The heatmap is dense because marginal dependence travels along causal paths. PC-style algorithms become useful because they search for conditioning sets that explain away indirect associations.

Nonlinear Dependence: Fisher-Z vs KCI

Fisher-Z is based on partial correlation, so it is naturally tuned to linear dependence. Kernel conditional independence tests can detect broader nonlinear relationships, but they are more expensive. The next demo creates a deliberately simple nonlinear pair: v = u^2 + noise. The correlation can be close to zero even though the variables are dependent.

nonlinear_rng = np.random.default_rng(RANDOM_SEED + 200)
nonlinear_demo = pd.DataFrame({"u": nonlinear_rng.normal(size=350)})
nonlinear_demo["v"] = (nonlinear_demo["u"] ** 2 - 1) + nonlinear_rng.normal(scale=0.25, size=len(nonlinear_demo))

nonlinear_demo_corr = nonlinear_demo["u"].corr(nonlinear_demo["v"])
fisherz_pair_runner = make_ci_runner(nonlinear_demo, ["u", "v"], "fisherz")
kci_pair_runner = make_ci_runner(nonlinear_demo, ["u", "v"], "kci")

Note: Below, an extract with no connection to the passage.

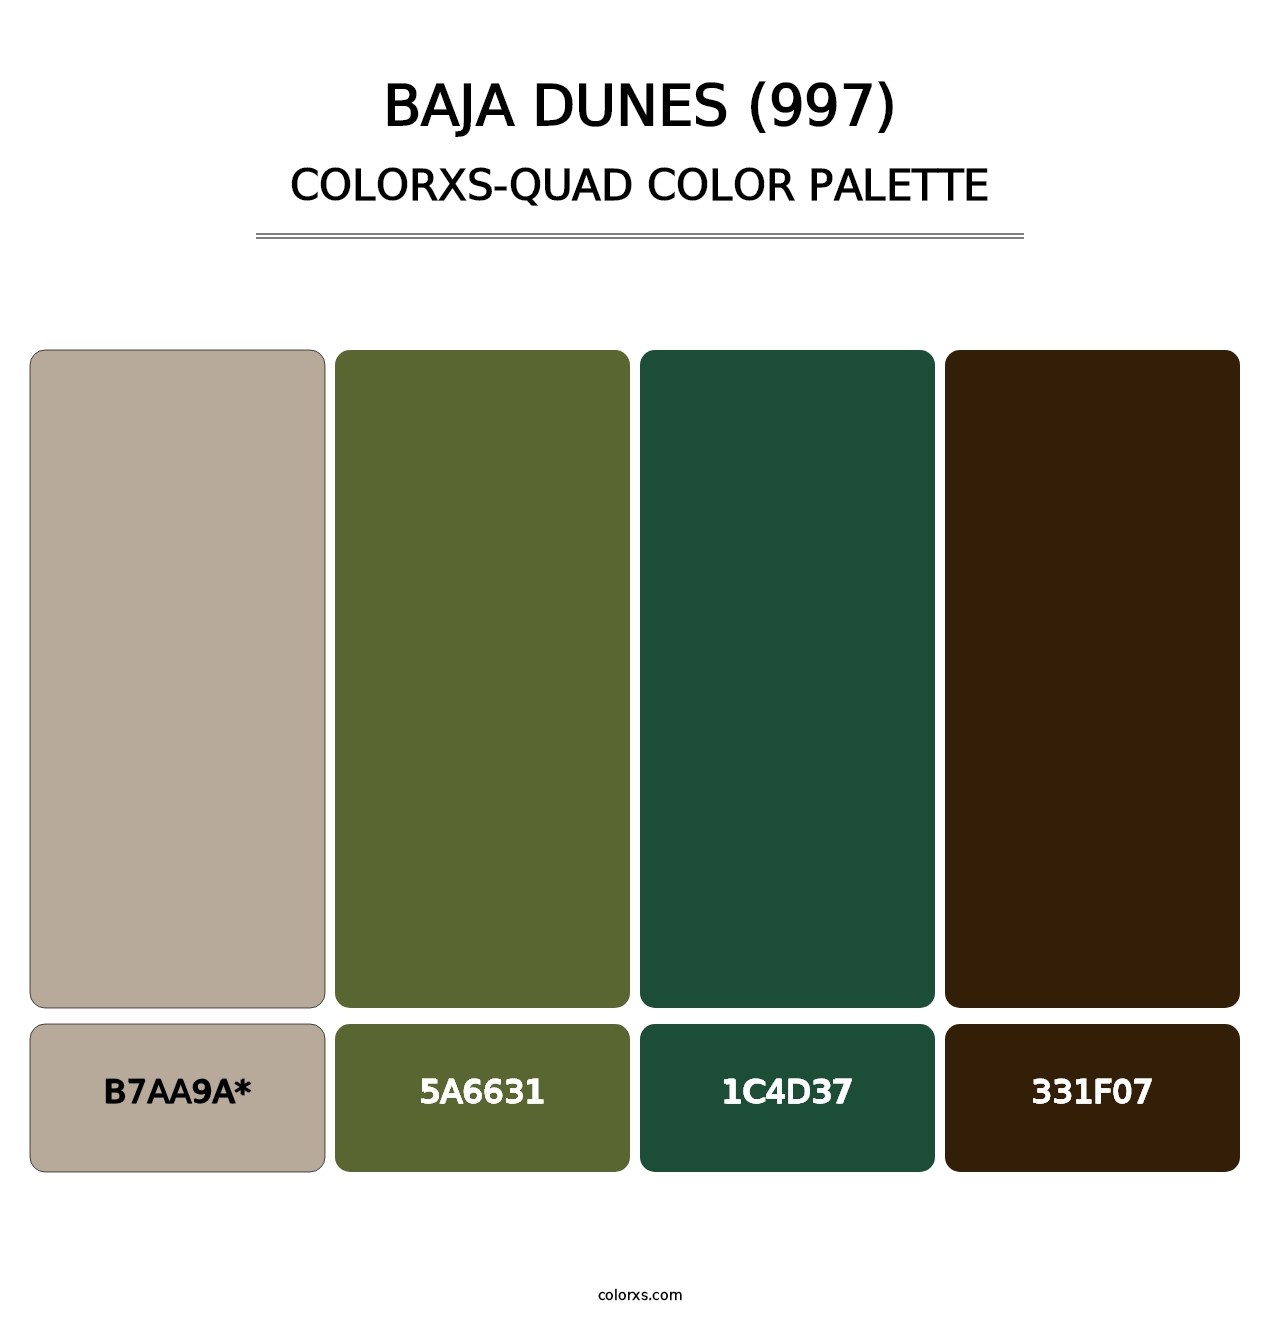 Baja Dunes (997) - Colorxs Quad Palette

nonlinear_test_comparison = pd.DataFrame(
    [
        {
            "test": "fisherz",
            "relationship": "u with u^2 + noise",
            "pearson_correlation": nonlinear_demo_corr,
            "p_value": fisherz_pair_runner("u", "v", ()),
        },
        {
            "test": "kci",
            "relationship": "u with u^2 + noise",
            "pearson_correlation": nonlinear_demo_corr,
            "p_value": kci_pair_runner("u", "v", ()),
        },
    ]
)
nonlinear_test_comparison["p_value_display"] = nonlinear_test_comparison["p_value"].map(p_value_label)
nonlinear_test_comparison["decision_at_0_05"] = nonlinear_test_comparison["p_value"].map(decision_from_p_value)
nonlinear_test_comparison.to_csv(TABLE_DIR / f"{NOTEBOOK_PREFIX}_nonlinear_fisherz_vs_kci.csv", index=False)
nonlinear_test_comparison

	test	relationship	pearson_correlation	p_value	p_value_display	decision_at_0_05
0	fisherz	u with u^2 + noise	0.021327	0.691117	0.691	do not reject independence
1	kci	u with u^2 + noise	0.021327	0.000000	<1e-300	reject independence

The Fisher-Z p-value does not reject independence because the linear correlation is weak. KCI rejects independence because the nonlinear relationship is real. This is the cleanest reminder that test choice encodes assumptions.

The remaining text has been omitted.